Hurricane Beryl

Beryl has to be getting up there compared to other hurricanes in the number of tornadoes it produced. Now up to 29 in the Shreveport, LA CWA alone. And cumulatively many others in the Houston, Little Rock, Paducah, and Buffalo CWAs, among others. Not sure what the total is but I would be shocked if it is less than 40, probably more, and there are still surveys ongoing in some areas.
 
I'm curious to know the final count, too. Some tropical systems (and extratropical ones) rack up substantial tornado counts, and others just don't. And there's no simple or pat explanation as to why or why not. (Almost 20 years ago, Ivan set a rather high bar at 118 tornadoes.)
 
The image shows 1-minute, sustained-windspeed estimates of Beryl at landfall in the Windward Islands.
Essentially, we see Hurricane Beryl's "footprint" of maximum winds, and the areal distribution of both hurricane & tropical-storm winds.

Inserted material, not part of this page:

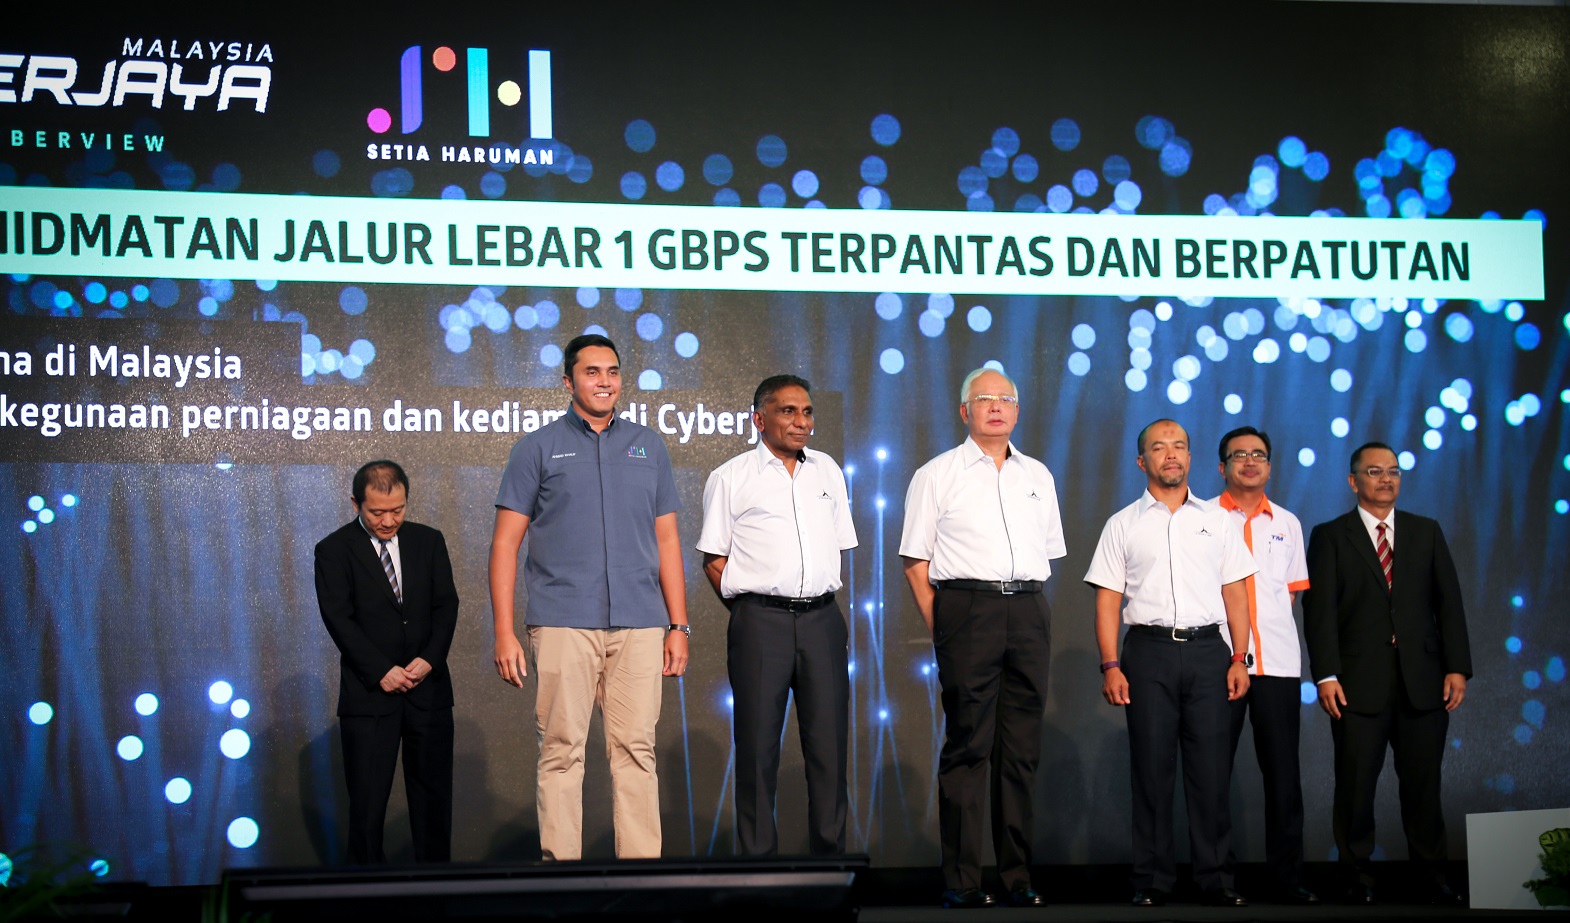 Cyberjaya launches Malaysia’s first superfast, competitive broadband

The point being something that NHC also realizes...size of these fields matters for wind and surge damage potential, not merely cat-numbers.
From a chasing perspective, such a mindset matters when you're trying to get to the eye wall and get photos of the stadium effect inside. Image.jpg
 
Total for tornadoes from Beryl is now up to 65. Not final number yet. We have to wait about 3 months for the finalized reports from each WFO that get sent to NCEI.

Beryl is the 5th most prolific TC tornado producer on record, with the usual caveats about how detection and documentation of tornadoes in general have become much, much better in just the last 30 years alone.
 
...Beryl's EF-3 tornado in Mt Vernon, IN...
If getting an EF-3 from the remnants of a tropical cyclone seemed a bit surprising, strong, and sort of rare... it was.
From what I can tell, and depending on periods of record, the likelihood looks to be somewhere between < 1 % to about 4%.
NWS Paducah says it set the bar for the strongest, July tornado in their county warning area. A real attention-getter, I'd say.
 
Beryl earned a lot of superlatives. But, let's call this "looks can be deceiving," or "how was Beryl perhaps not so amazing?"
In the Norcross' book about Hurricane Andrew, he mentions 8 miles made huge differences as he assessed wind damages in greater Miami.
So on July 2, Fox posted a visible satellite image of top-ranked Beryl. And they pointed out some common facts, including...
* Hurricane-force winds extended outward 40 miles from the center.* I thought about that.
Look at the apparent size of this storm with winds likely over 150mph. Yet, just 40 miles out from the middle, the winds blew only half as fast.
Forty miles out, tropical-storm strength winds ruled, less than 74mph. (Still, I would have to call that one tightly-clenched fist!)